> [What to work on]
What you return should be the complete data below, word for word, with no pictures in it.

> [Supplied material]
§ §

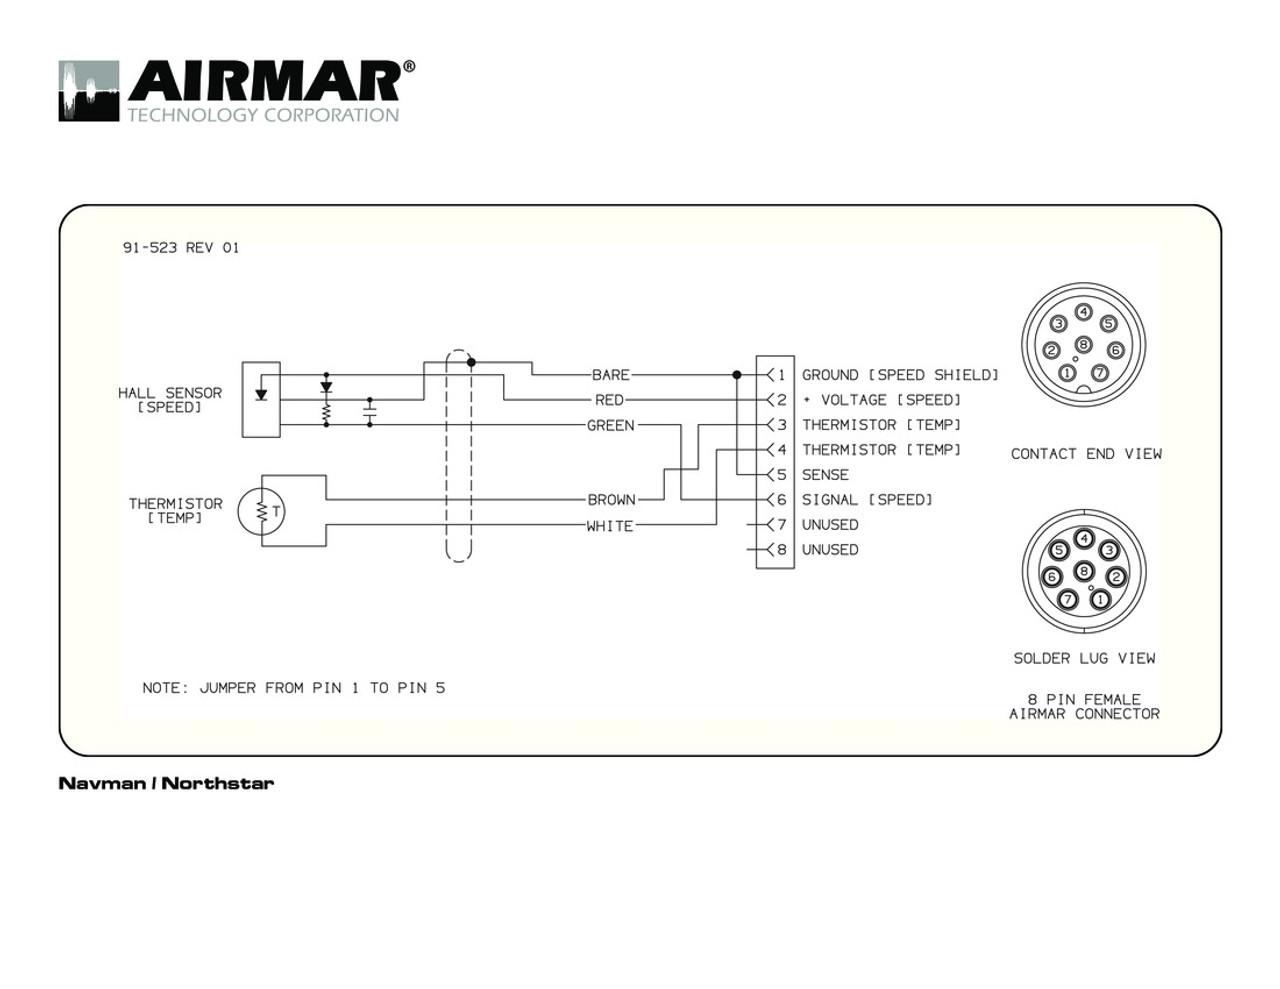 samsung sigtronics wiring diagram electrical wiring diagram on apple headphone wire diagram samsung galaxy s4  [ 1280 x 989 Pixel ]
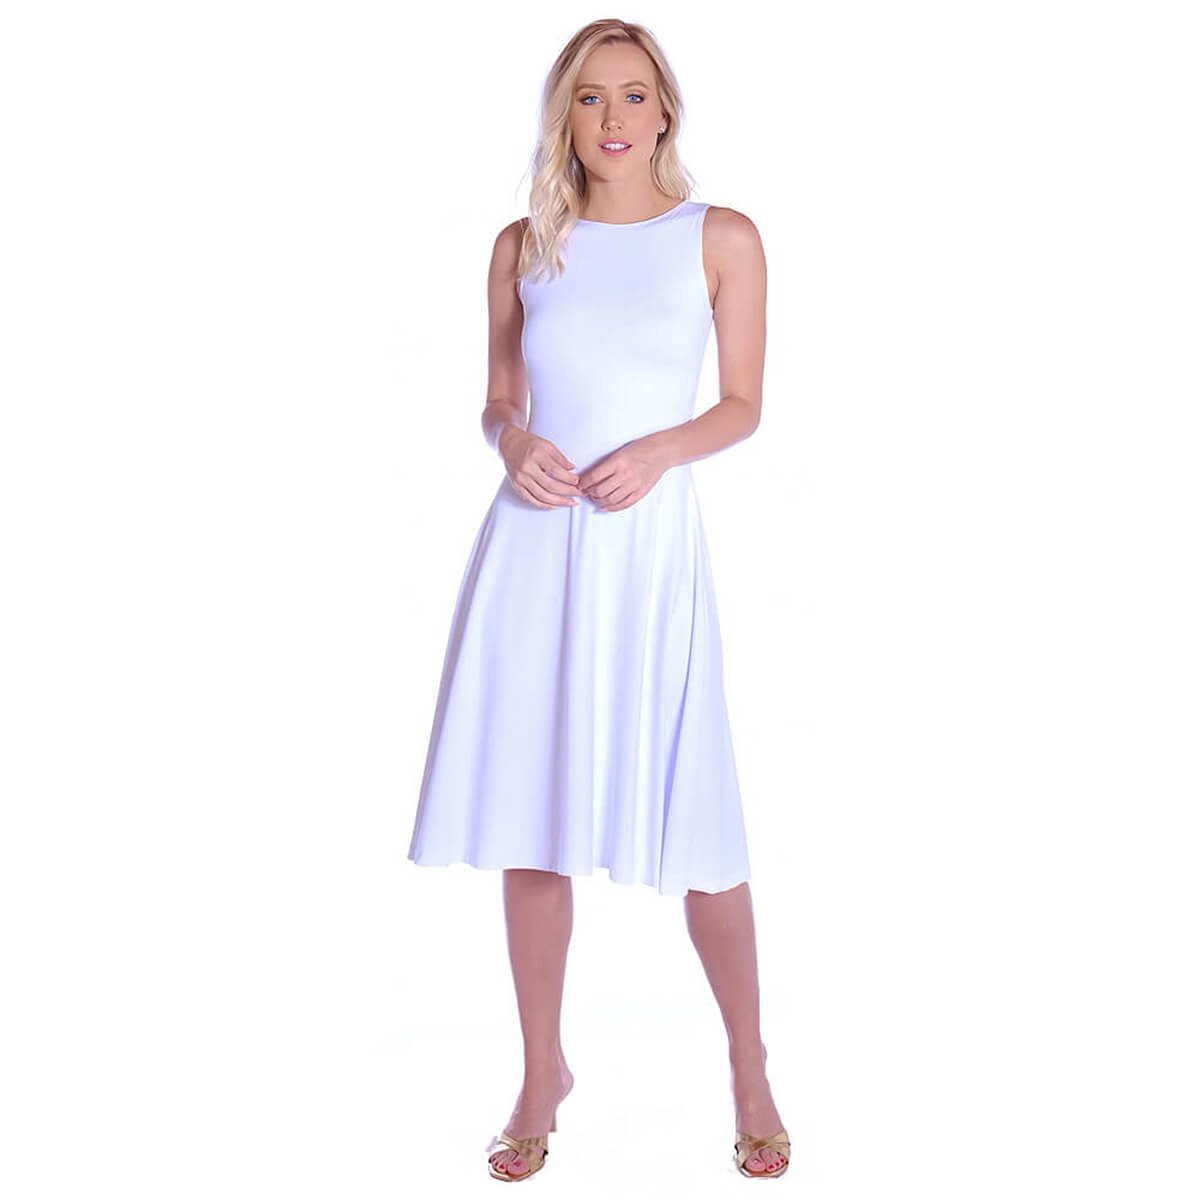 Vestido Branco FICALINDA Regata Decote Canoa
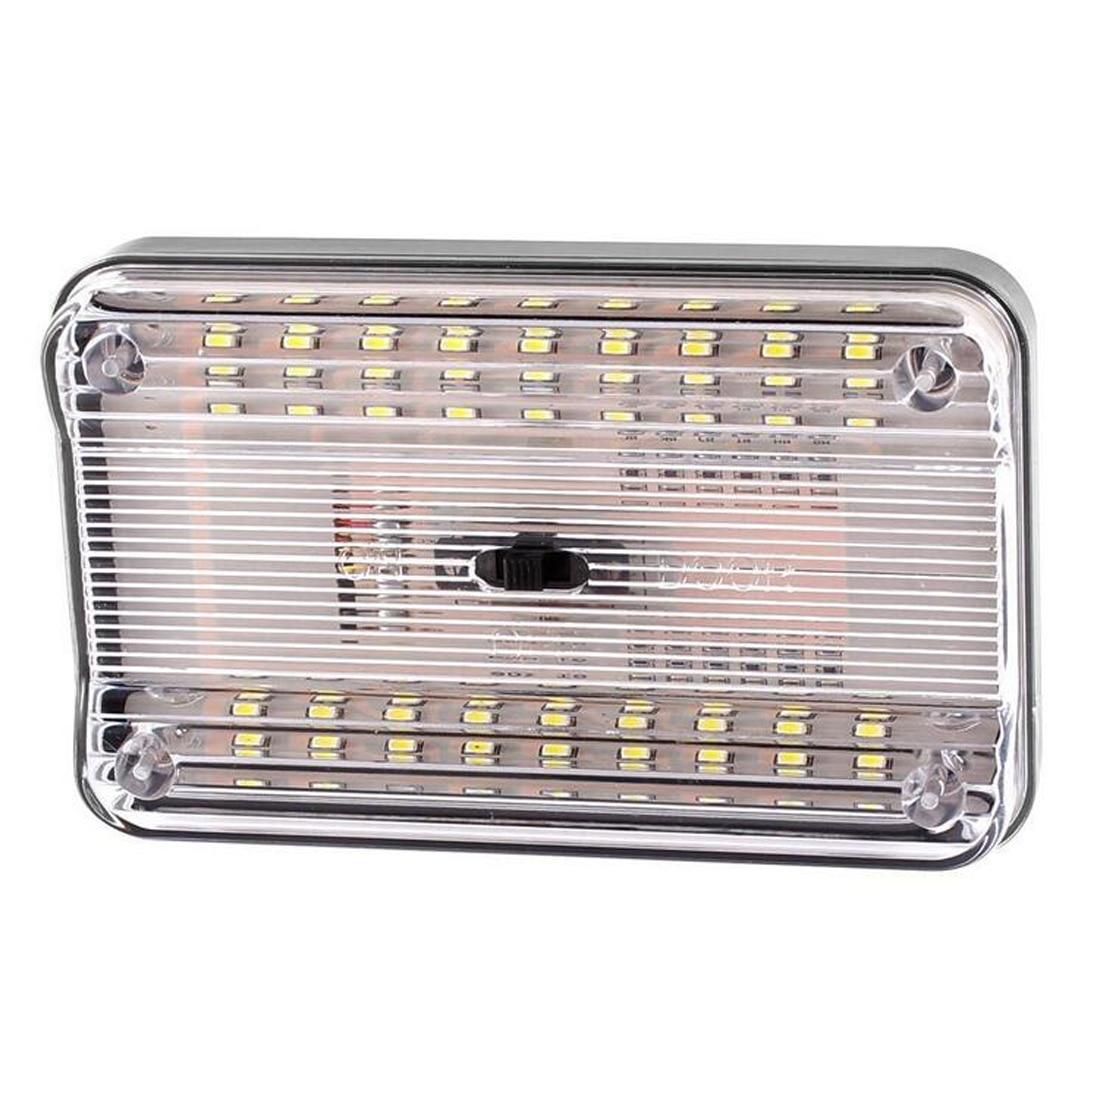 Aliexpress.com : Buy Tonewan Hot Sale Auto Led light Car Dome Light 36 SMD LED Roof Rectangular
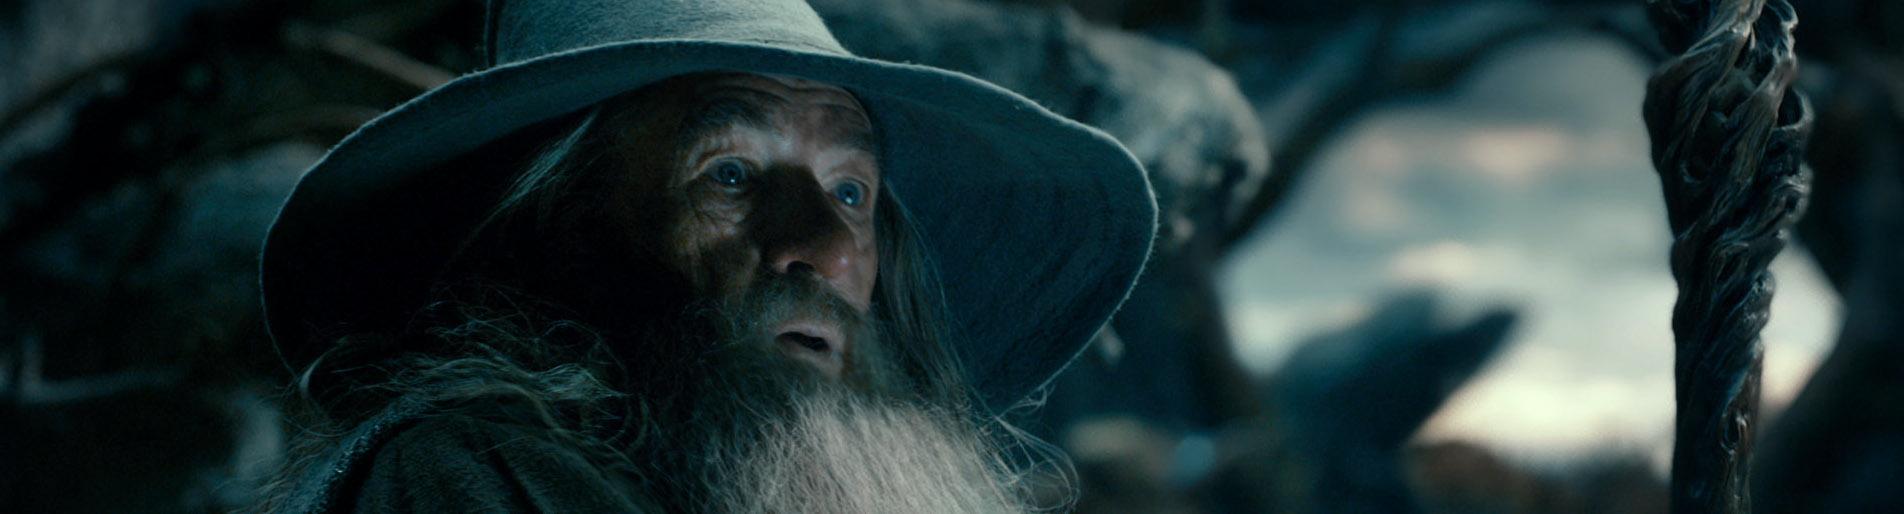 hobbit-desolation-smaug-gandalf.jpg

§ §

> [The answer]
 samsung sigtronics wiring diagram electrical wiring diagram on apple headphone wire diagram samsung galaxy s4  [ 1280 x 989 Pixel ]
 Vestido Branco FICALINDA Regata Decote Canoa
 Aliexpress.com : Buy Tonewan Hot Sale Auto Led light Car Dome Light 36 SMD LED Roof Rectangular
 hobbit-desolation-smaug-gandalf.jpg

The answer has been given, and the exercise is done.